La Reserve Bank of Australia, istituto di credito centrale del vasto paese oceaniano, ha visto crescere le proprie riserve valutarie di 863 milioni di dollari negli ultimi due mesi: si tratta di un valore da tenere in debita considerazione, visto che la media mensile che è stata registrata nel corso del secondo trimestre è stata pari a quarantanove milioni. Di solito, inoltre, questa banca centrale provvede a sterilizzare crescite simili attraverso l’acquisto di valuta locale, così da bilanciare il deflusso, ma stavolta non si è comportata in questa maniera.
Di conseguenza, le divise straniere si sono accumulate e si è scelto di rimuovere quello che in altri casi sarebbe stato una fonte di pressione per Aussie. Circa dieci giorni fa, tra l’altro, il dollaro australiano e neozelandese erano in controtendenza, a conferma dei ricavi continui di questa divisa.
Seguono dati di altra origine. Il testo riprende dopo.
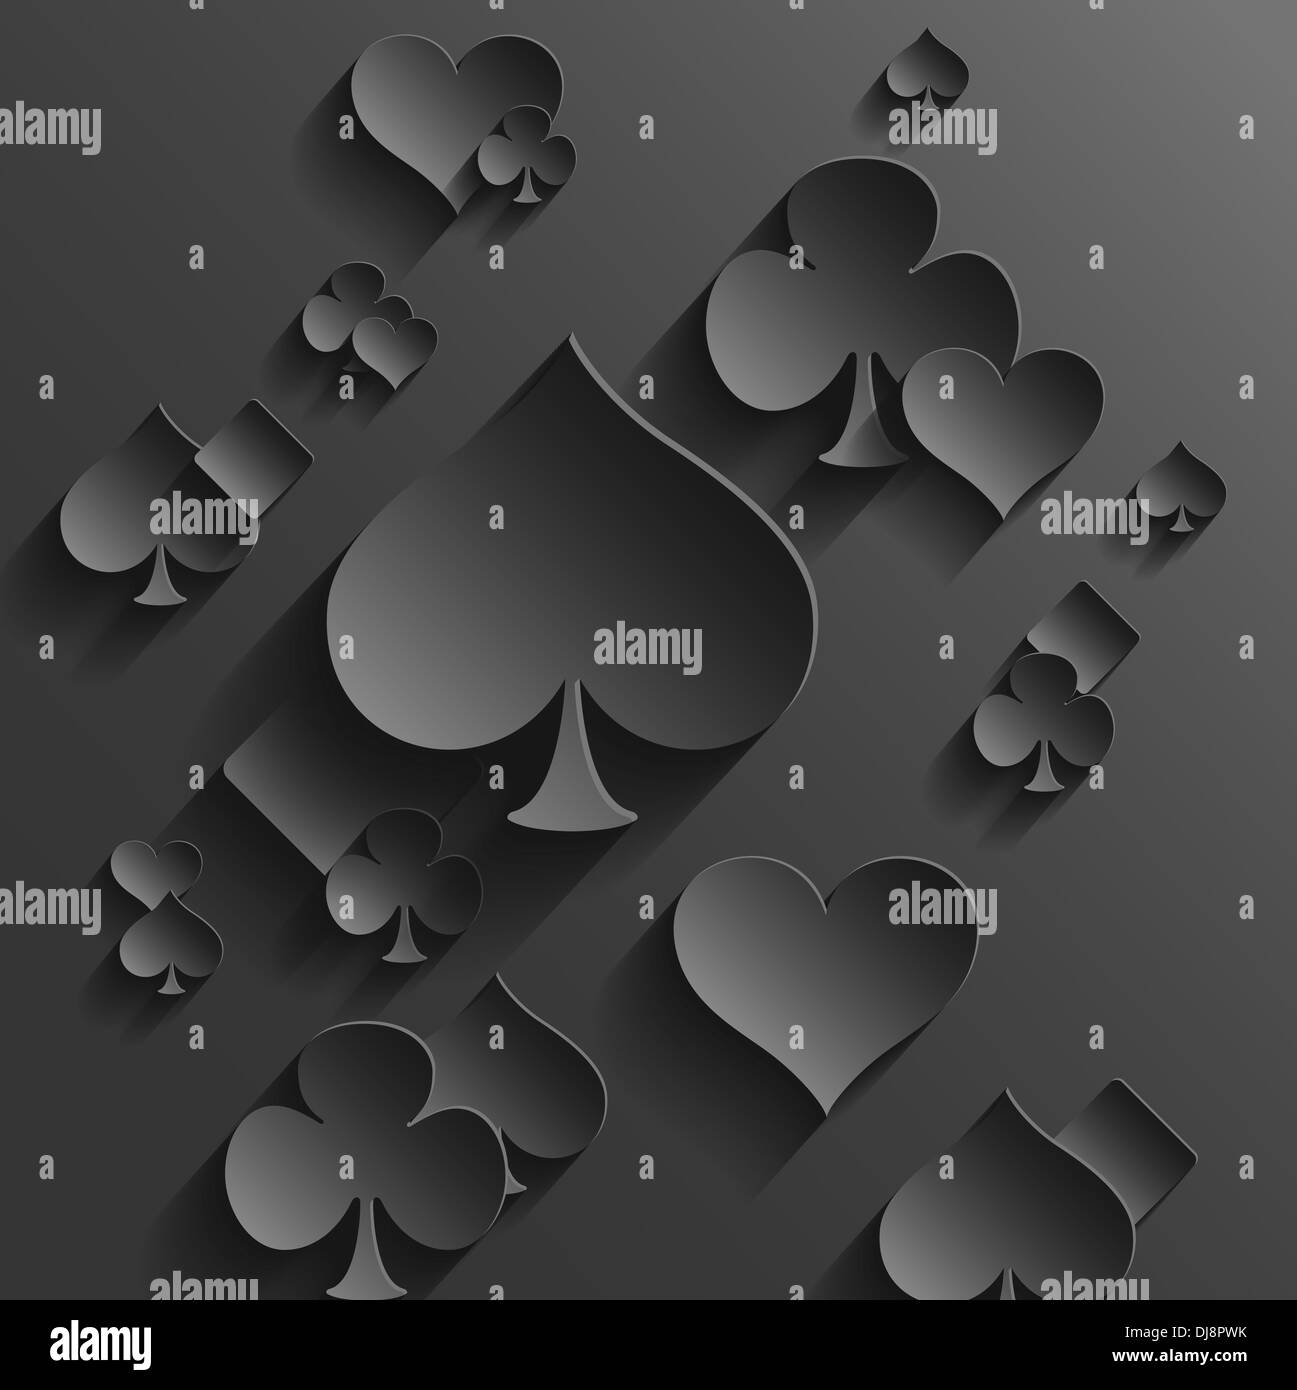 Abstract Background with Playing Cards Elements Stock Photo

La Rba, la quale interviene molto di rado nel mercato monetario, non ha annunciato le riserve a cui si sta facendo riferimento, ma comunque si può dire che non si trova a proprio agio con un dollaro australiano così forte, un fattore che non fa altro che indebolire il settore minerario nazionale, molto ben sviluppato, e gli altri esportatori.
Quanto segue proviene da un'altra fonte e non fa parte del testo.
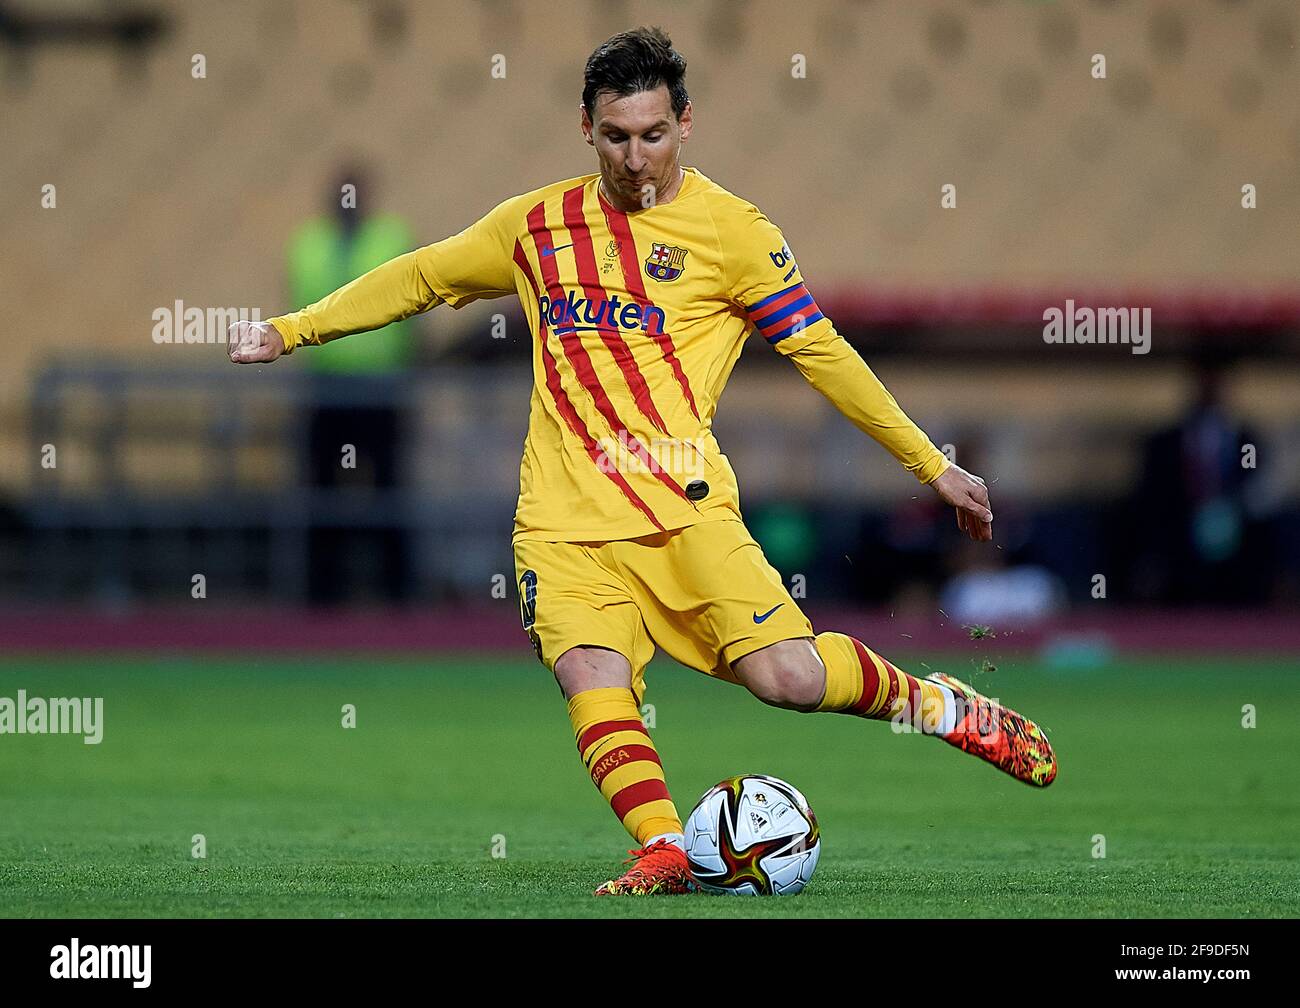 Seville, Spain. 17th Apr, 2021. Lionel Messi of FC Barcelona competes during the 2020-21 season Spanish King's Cup final match between Athletic Bilbao and FC Barcelona in Seville, Spain, on April 17, 2021. Credit: Pablo Morano/Xinhua/Alamy Live News Stock Photo

Aussie si è mantenuta al di sopra della parità rispetto al dollaro americano dallo scorso mese di giugno, nonostante a inizio ottobre sia stato ai minimi da un mese. Il crollo dei prezzi delle materie prime e il taglio dei tassi di interesse da parte della Banca Centrale (1,5%) non hanno rappresentato alcuno motivo di preoccupazione. Il governatore Glenn Stevens ha menzionato spesso la forte moneta locale come un fattore chiave per il taglio dei tassi a novembre, mentre altri membri del board sperano vivamente che il dollaro australiano si indebolisca anche leggermente. Il nuovo ammontare di riserve è l’ultima arma per fronteggiare simili apprezzamenti, chissà se la missione sarà conclusa in maniera positiva.